Surtout qu’on va en avoir bien besoin, parce qu’en face, les ennemis deviennent rapidement coriaces. Les premiers robots qu’on rencontre sont simples à vaincre, ils attaquent lentement et n’ont que peu de points de vie. Mais très rapidement, on tombe face à des robots qui font énormément de dégâts, produisent des attaques dévastatrices, ont des grilles de hacking gigantesques ou nous submergent de missiles. Et ne parlons même pas des boss qui nous en mettent plein la vue en plus d’être d’excellents adversaires. Fort heureusement, les améliorations sont légions et on augmente rapidement nos dégâts, nos points de vie, les capacités de hack de Diana ou le nombre de potions. Et justement, c’est peut-être là que se situe le problème.
Je l’ai déjà vu ce couloir, non ?
Parce que les combats marchent à la perfection, Pragmata est un jeu très agréable manette en main. Mais il devient aussi redondant durant la petite dizaine d’heures qu’il faut pour en voir le bout. La première raison, c’est son level design banal. C’est simple : on avance dans des couloirs, et c’est à peu près tout. Certaines zones sont un peu plus ouvertes, mais il n’y a pas d’exploration à proprement parler. Bien sûr qu’on récupère des ressources nécessaires aux améliorations, mais pour peu qu’on ne trace pas droit devant soi, on tombe facilement dessus. Et Pragmata, c’est ça tout du long : avancer dans des couloirs, vaincre des ennemis, discuter avec Diana, vaincre à nouveau des ennemis, affronter un boss, et rebelote. Pas de puzzles environnementaux, pas de sortie du tracé possible. Et c’est dommage, parce qu’avec un gameplay aussi réussi, il ne fait nul doute que des puzzles du même acabit auraient apporté de la diversité.

Il y a aussi le hub central, où on revient quand on meurt, quand on finit un niveau, ou quand on le choisit à un « feu de camp » (le nom que je donne à tous les checkpoints qui ont la même utilité que les vrais feux de camp dans Dark Souls). Là encore, c’est une idée cohérente narrativement et en termes de game design. On est dans une base lunaire contrôlée par une IA devenue agressive, alors récupérer des forces dans un endroit un peu caché a du sens, qui en plus ressemble de plus en plus au « chez nous » de Hugh et Diana, de la même manière que la structure du jeu est logique. Sur le papier. Mais dans les faits, ça nous donne une impression de redondance, parce qu’on fait à peu près toujours la même chose, on revient toujours au même endroit, on repart toujours de la même manière. Le jeu n’est pas très long donc c’est loin d’être une catastrophe, mais c’est là tout le problème : la répétitivité se ressent même sur un temps de jeu relativement court.
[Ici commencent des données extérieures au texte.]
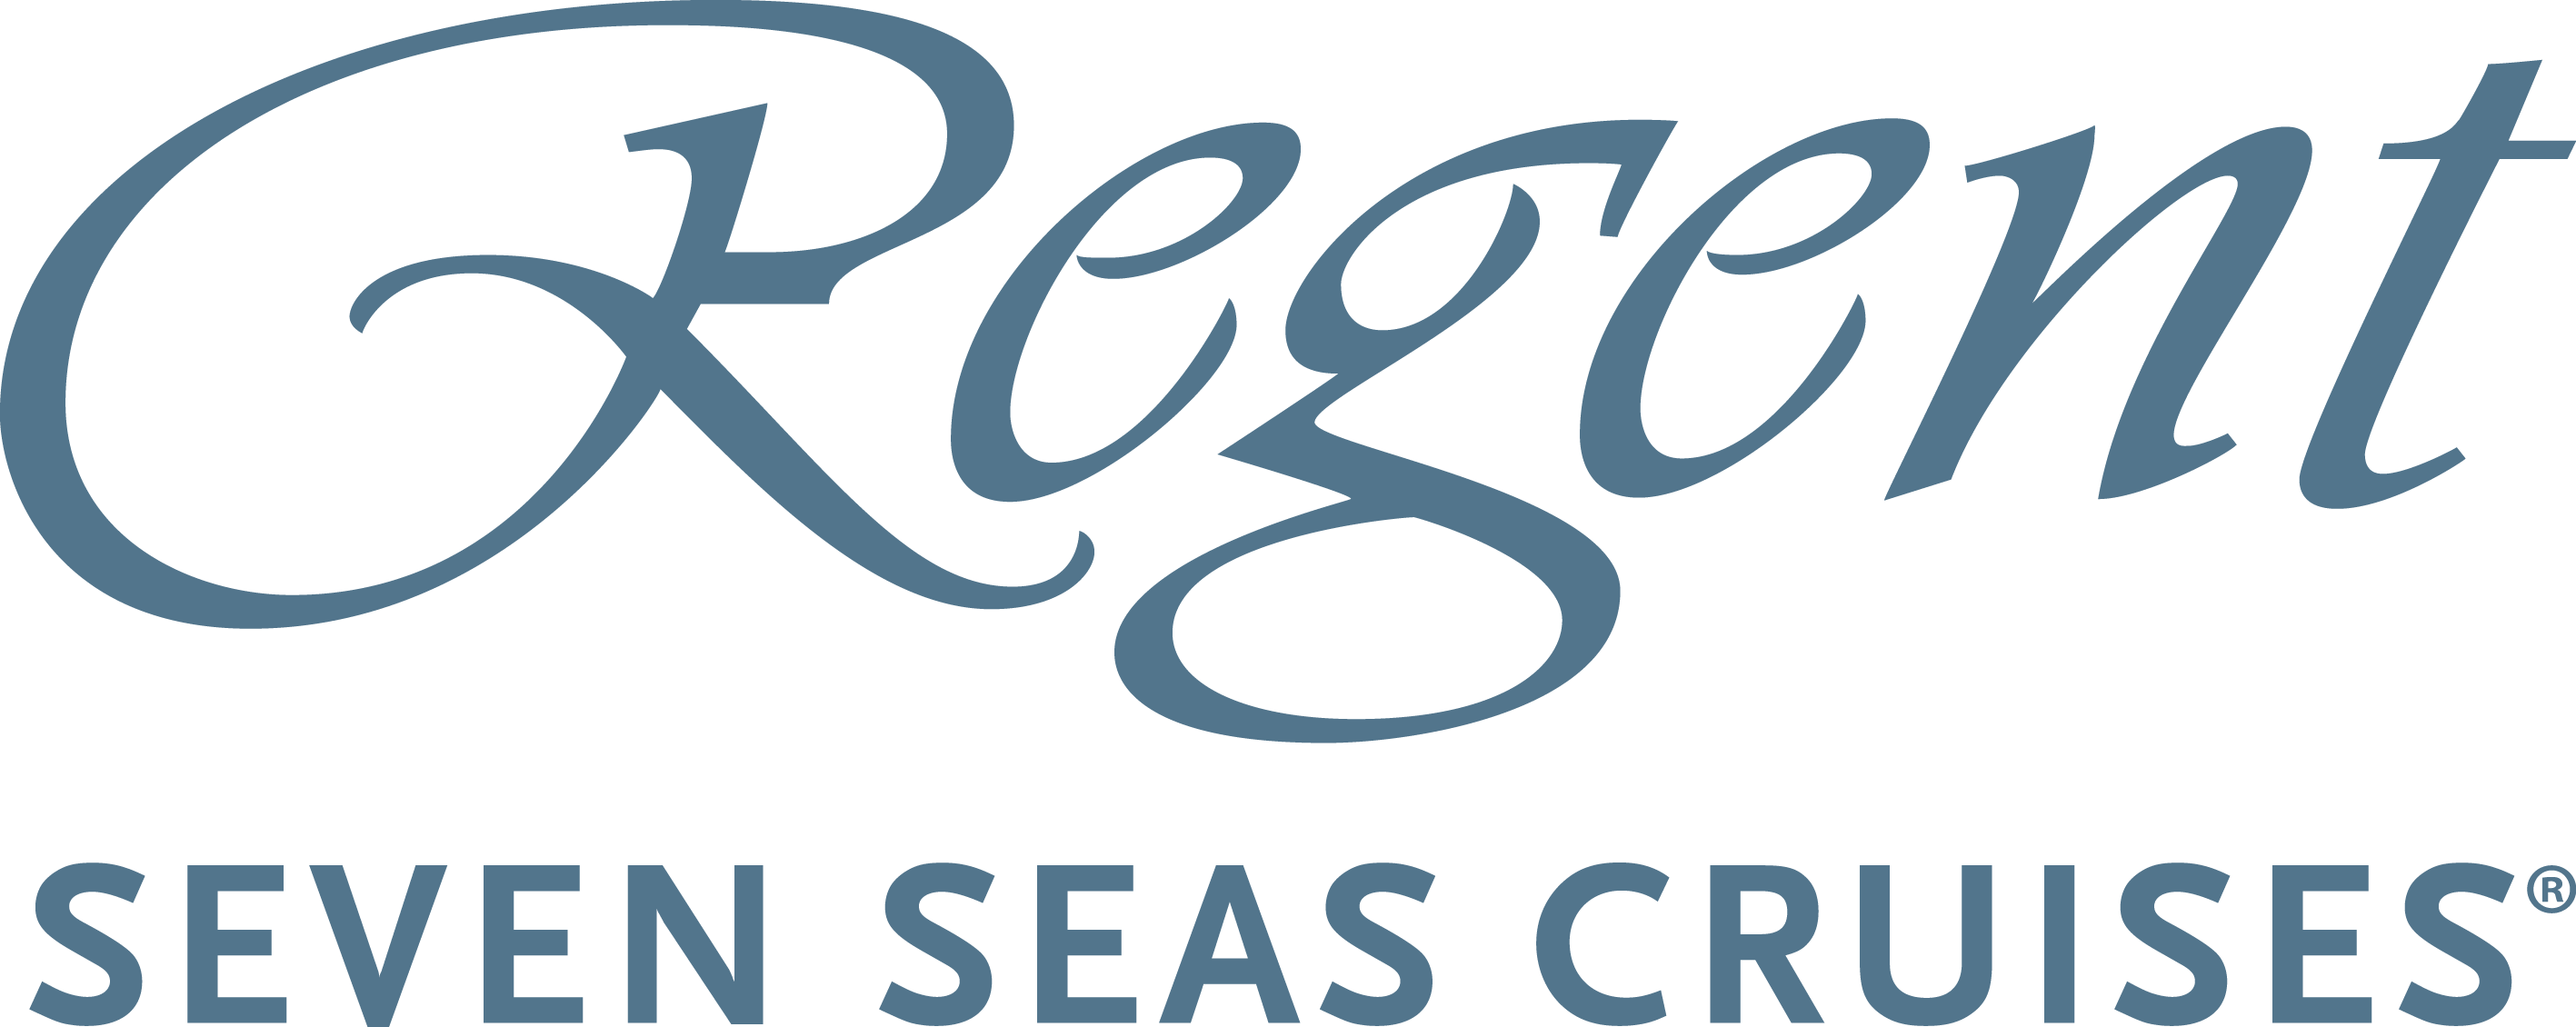 RSSC Logo (Regent Seven Seas Cruises) png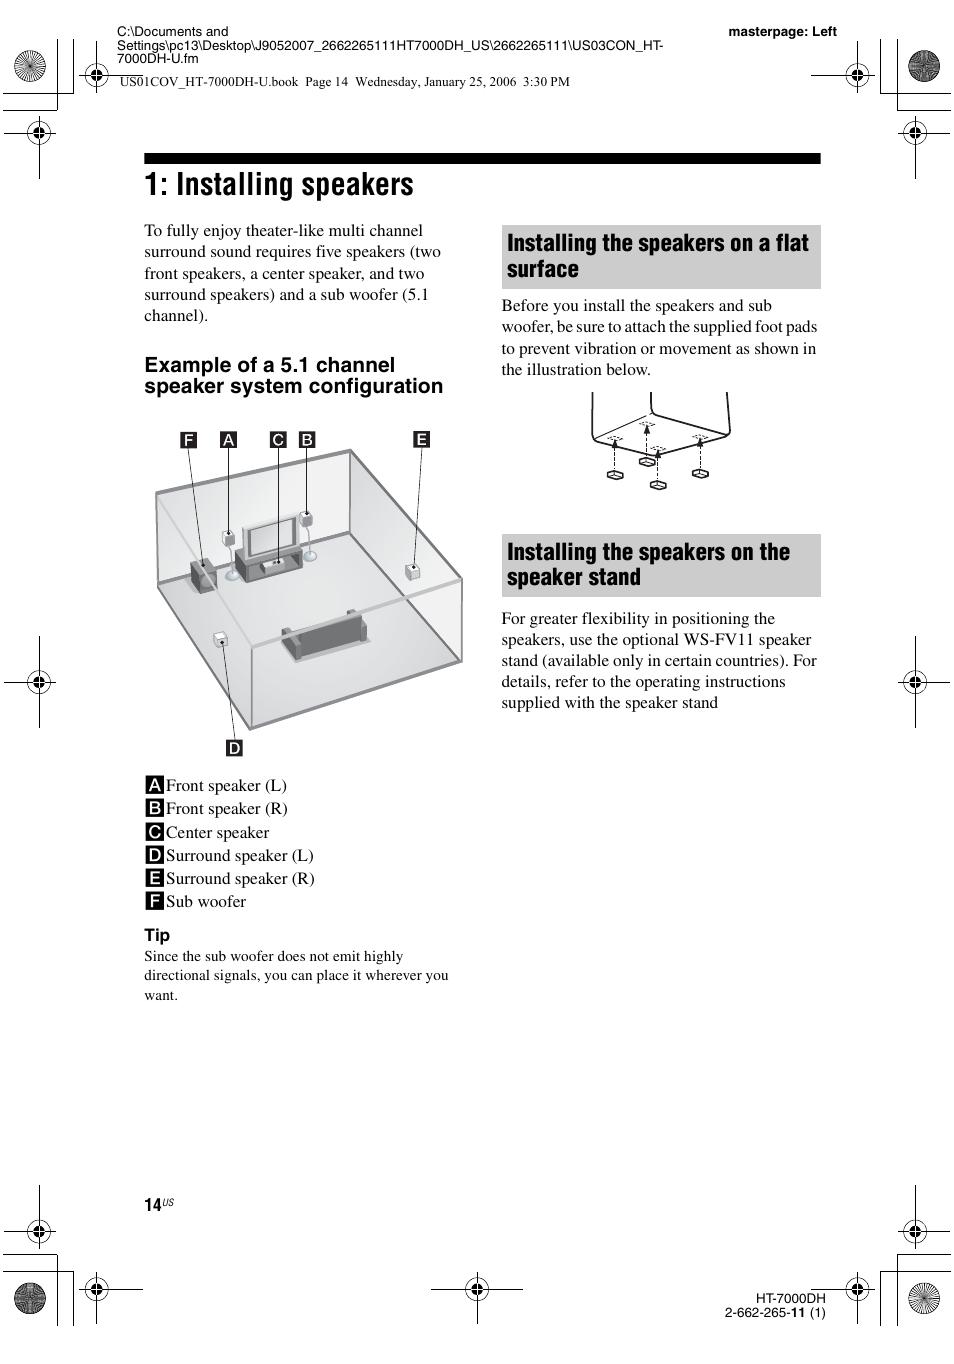 installing speakers sony str k7000 user manual page 14 84 rh manualsdir com sony str-k7000 remote sony str k700 manual

En définitive, et malgré les quelques bémols évoqués, Pragmata est un très bon jeu, qui offre une expérience agréable et particulièrement originale dans le paysage vidéoludique actuel. Je dois bien avouer que je me réjouis de constater que Capcom continue de prendre des risques, comme ce fut le cas avec Kunitsugami il n’y a pas si longtemps, qui est certes un échec commercial, mais qui propose une expérience qu’on ne voit pas souvent. Au fil des ans, Capcom semble se positionner comme l’un des rares éditeurs à prendre de telles initiatives, un courage salutaire et nécessaire pour l’évolution de l’industrie.